A FADING COALITION? – AT 8:55 A.M. ET: It will have to be proved out during the campaign, but there is much talk about the fracturing of the Obama coalition. The Dems are starting to fight among themselves. They apparently didn't build this ship with enough lifeboats. From The Hill:
Fissures have opened over everything from tax policy and former President Bill Clinton’s off-message comments to recriminations following the party’s fiasco in the Wisconsin recall, which some say should have been avoided.
Democrats disagree over the wisdom of Obama’s attacks on Republican Mitt Romney’s private equity background at Bain Capital and are split over the proposed construction of the Keystone XL pipeline from Canada’s vast oil sands.
The divides are opening just as Republicans appear more unified, which underlines the danger for Democrats and highlights an abrupt reversal in the two major parties’ fortunes.
Just a few months ago, Republicans were absorbed in a bitter primary battle, and mutual attacks among GOP hopefuls filled the airwaves.
But last week’s news that Romney and the Republicans had outperformed Obama and the Democrats in May fundraising suggested the party of the right was coalescing, as did news of weekly strategy calls between Romney’s campaign and GOP leadership.

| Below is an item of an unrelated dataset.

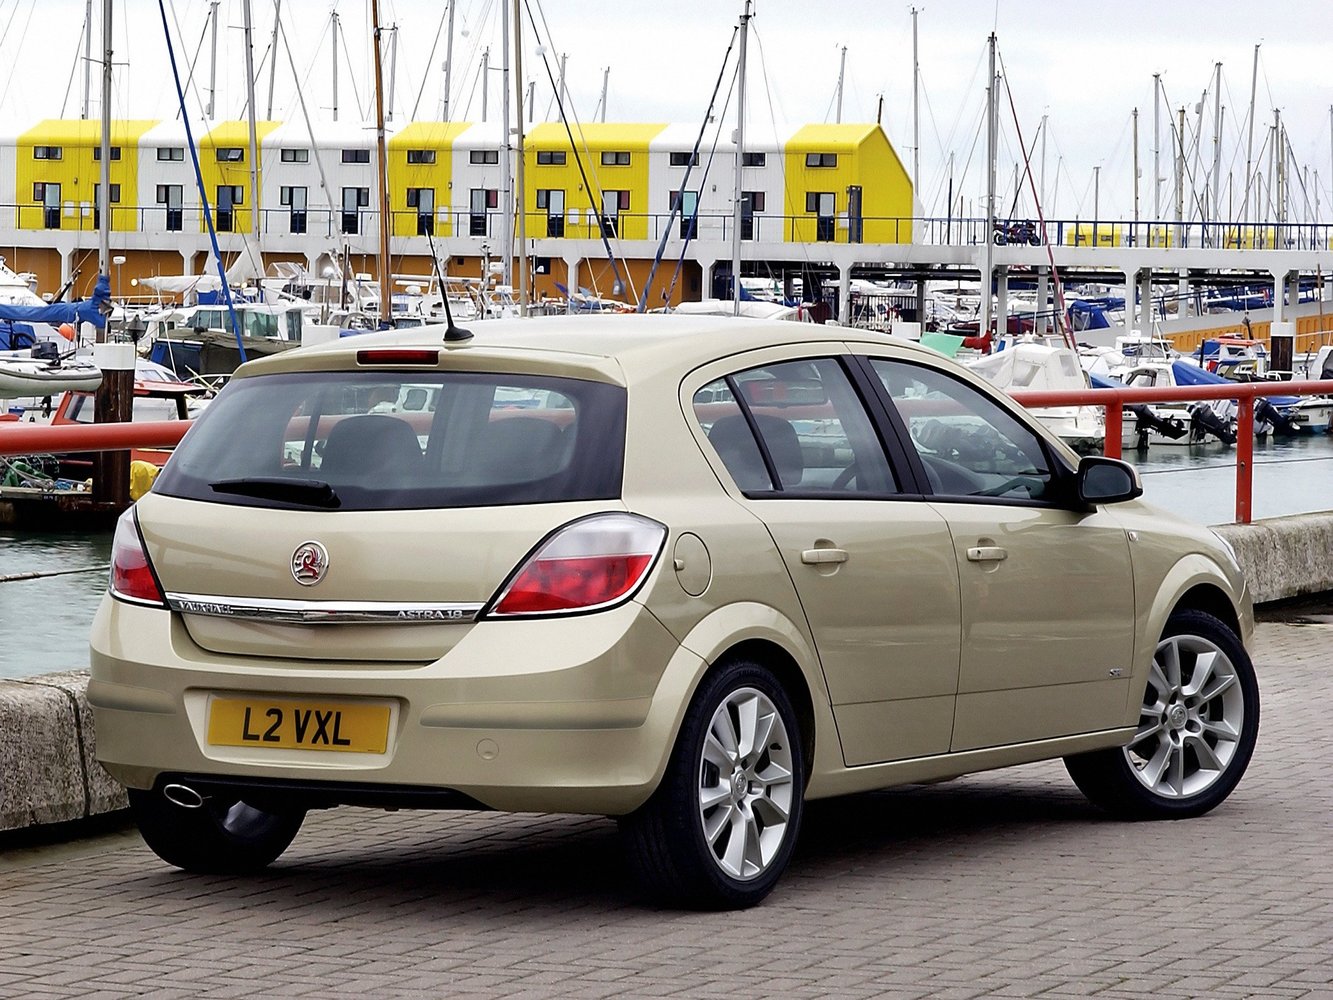 хэтчбек 5 дв. Vauxhall Astra 2004 - 2010г выпуска модификация 1.6 MT (105 л.с.)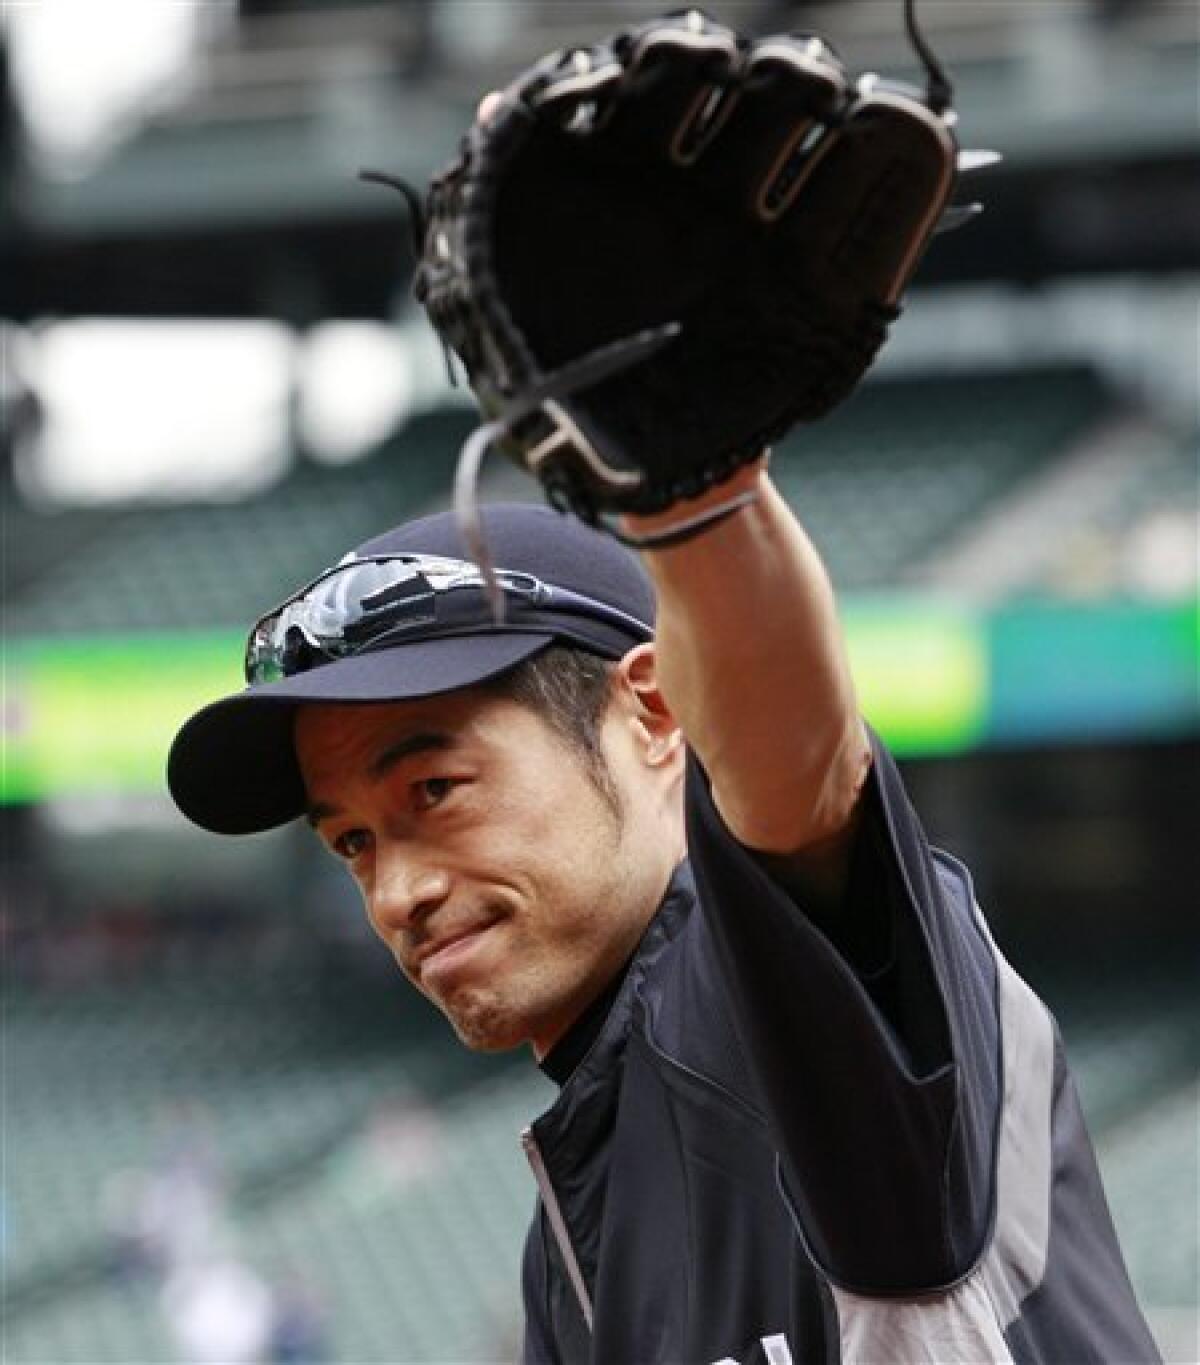 Seattle Mariners Baseball player Ichiro Suzuki batting at Safeco

Wisconsin, where GOP Gov. Scott Walker trounced a recall effort last week, exposed tensions between Washington Democrats, including the president, and the labor movement.
Many in Washington thought the recall was a bad idea from the start, something reflected in Obama’s reluctance to get involved at any level beyond his Twitter feed.
The lack of effort added to disillusionment among union activists already unhappy with the low priority the White House had accorded to issues such as “card check” that they hold dear.
After the result, liberals formed a circular firing squad.
COMMENT: I'd add something else to this – a kind of undercurrent of buzz hinting that a growing number of people in the Democratic Party don't like the president personally, finding him cold and arrogant. Personal relationships mean as much at the presidential level as anywhere else. The president, almost like Nixon, seems to have few real friends and very little interest in actual people. He seems to live, at times, in an abstract world.
But the Dems are pros at running campaigns. They may iron out these problems. We have to run as if we're running against the best campaign in history. That's the only way to do it in politics.